CNNMoney reported this past week in an article titled, “Jobless claims fall to 7-year low, but…” the rate of unemployment showed signs of dropping which is great news, but is tempered with the suggestion that it’s a result of people continuing to drop out of the work force. There are “11.3 million Americans who remain unemployed” the article reported with “three unemployed people for every job opening”. As with the weather, unemployment figures vary by region so its how your local economy is doing is what could affect how good your business will be in the next year.

The price of oil and how oil prices effect gasoline prices is another key part of the equation for the AGRR industry. As reported by the United States Energy Information Administration in the “Gasoline and Diesel Fuel Update”, prices year-on-year through September 9, 2013 on regular gasoline show that prices are down $ 0.26. Lower gasoline prices are great for both the consumers we rely on for business and for all of those company vehicles providing mobile service. Hopefully the price of gasoline will stay low.

You can look at reports from the U.S. Department of Transportation – Federal Highway Administration (FHA) as positive or negative depending where you reside. The FHA showed in its June 2013 Travel Monitoring and Traffic Volume Report that year-on-year miles driven were relatively unchanged with a slight decline of 0.1% from June 2012. The news that miles driven is not showing growth wasn’t great news for the AGRR industry that thrives on vehicles out driving on roads, but staying level was better news than a drop.

So how are these three key drivers affecting your business and do you think the wind is at your back? Regardless of whether the wind is at your back or not, I think there is a fourth key driver to your business and it is the most important one for finding success in your business. That key driver is you. So how are you going to take advantage of the marketplace you compete? What is it you’re doing to make your business stand out among all those with whom you compete?

I’ve written in previous blogs “The Times They Are (Always) A-Changing” and “The Times They Are (Always) A-Changing – Part II” about the opportunities in the marketplace for AGRR companies. I strongly believe that there are opportunities for independents in our industry, but you’ve got to surround yourself with the best people and make sure that they are all committed to the goals and aspirations that you have for your business.
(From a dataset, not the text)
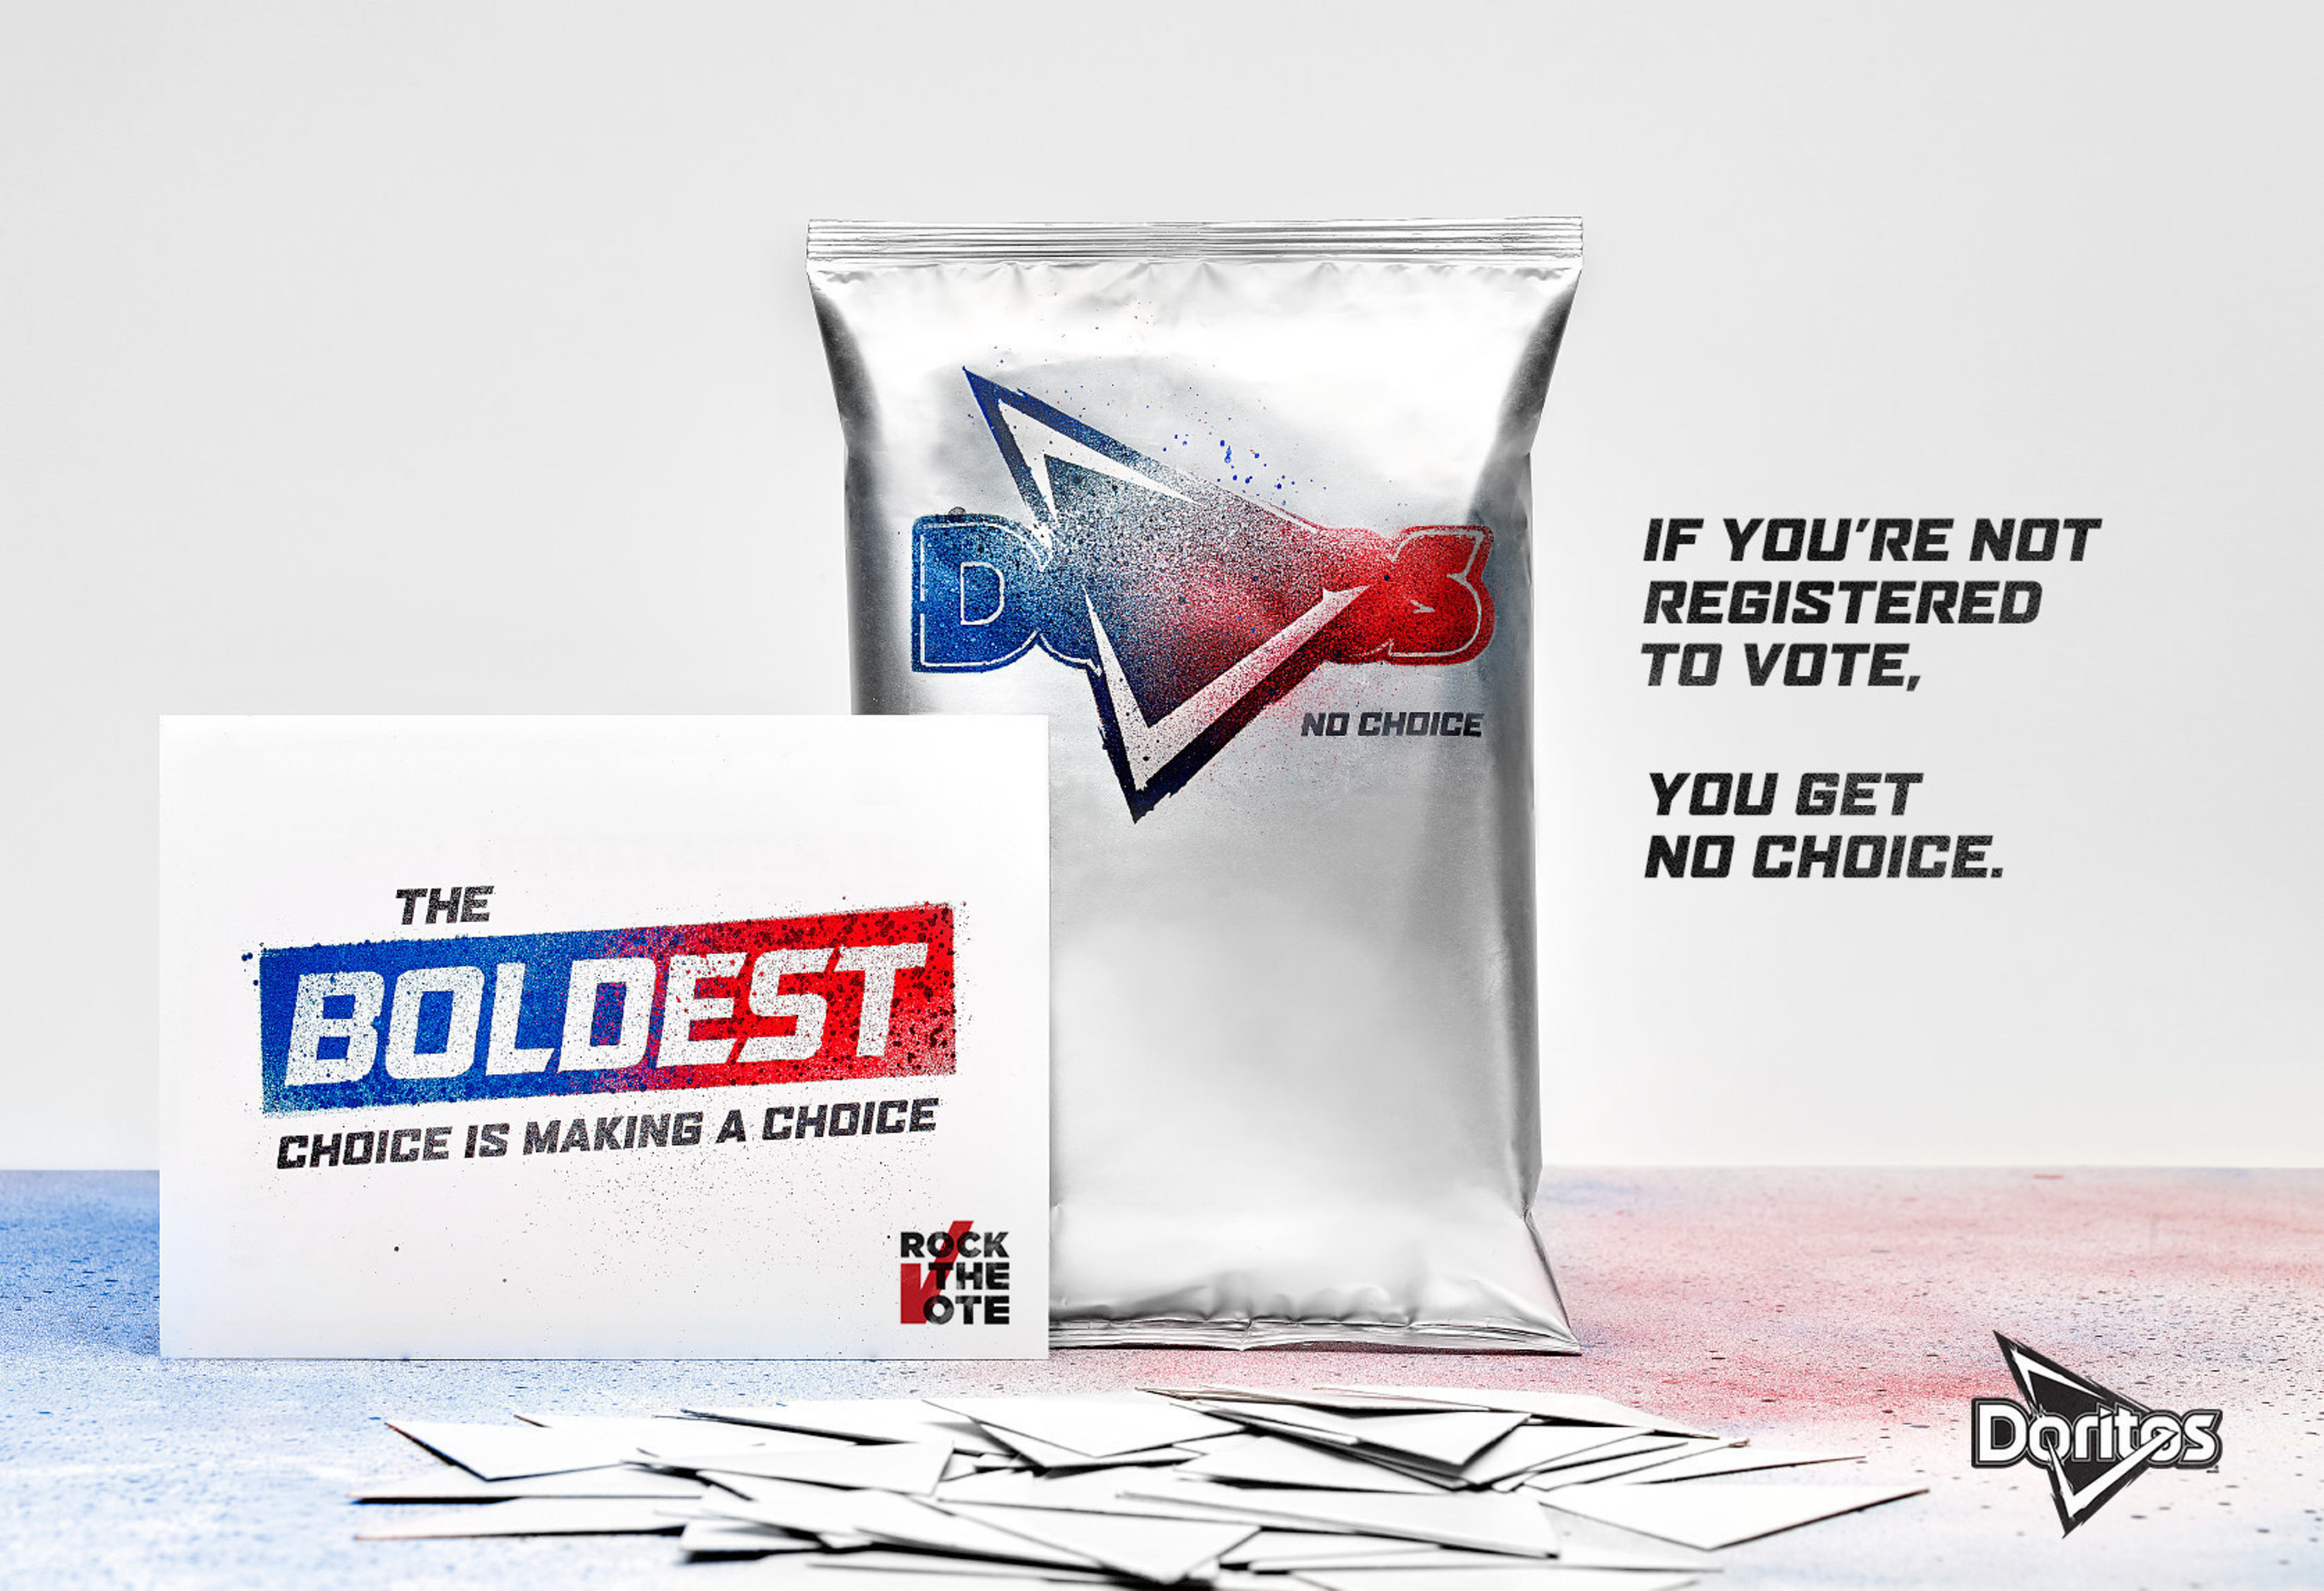 Doritos' Partnership with Rock the Vote and Limited-Edition Bags Rally Millennial Voters - a Rapidly Growing Voting Contingent - to Take a Stand, Make a Choice and Vote
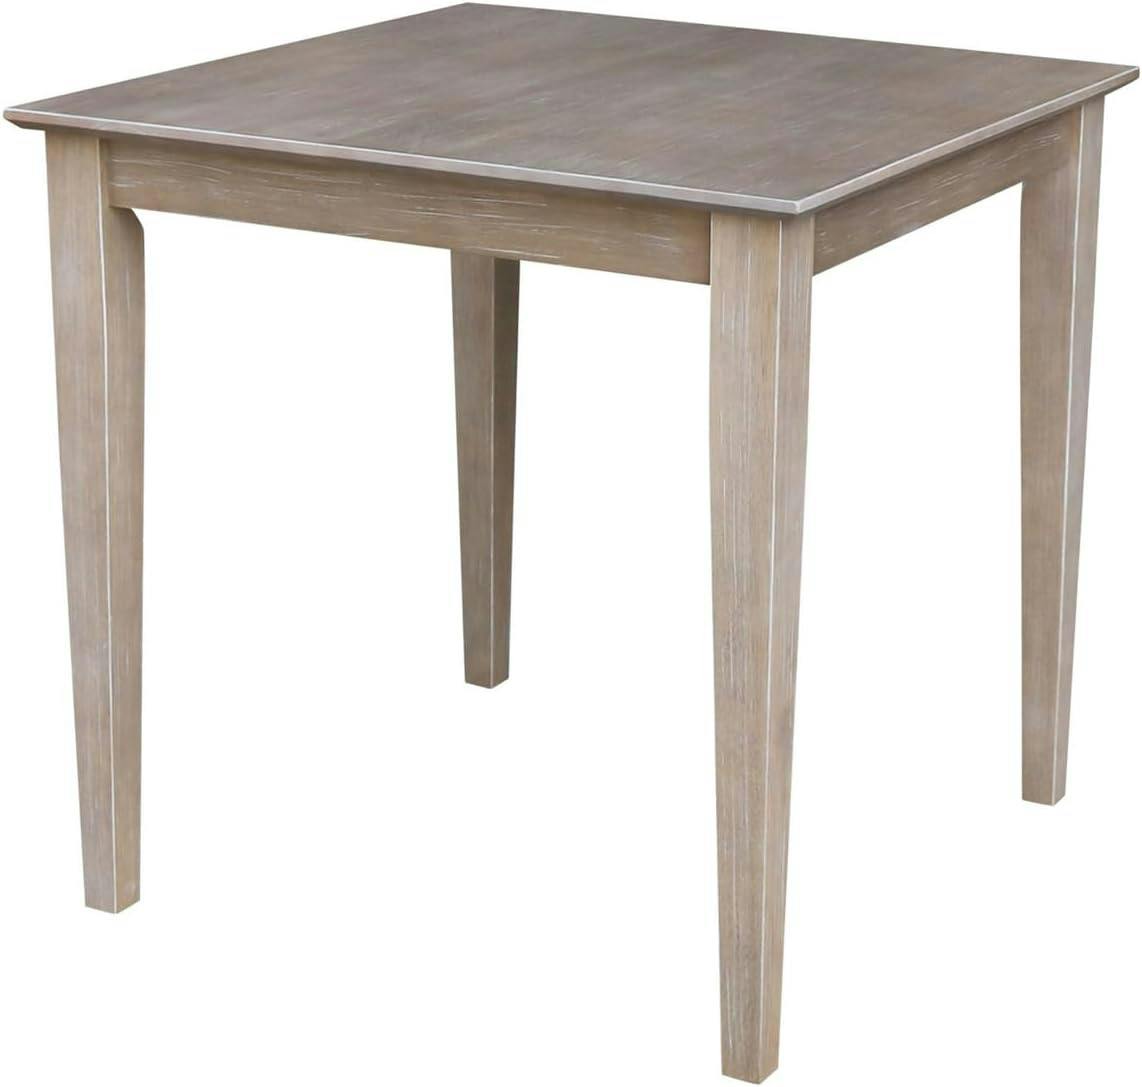 Transitional Solid Wood 30" Square Dining Table in Washed Gray

If you haven’t got that you’re going to be struggling.

What else are you doing to separate yourself from your competitors? Look for ways to be successful and be relevant in your market so that you stand out. There is a recipe for success in your market and you’ve got to figure out what it’s going to take to make sure you find and keep being successful. It starts with you as you’re the key driver of your business.

If the three key drivers are beginning to turn to your favor and with the possibility of the wind at our backs, what is it you’re going to do in the next year to see that you not only survive, but thrive in the AGRR industry? It’s really up to you.

Just sayin’.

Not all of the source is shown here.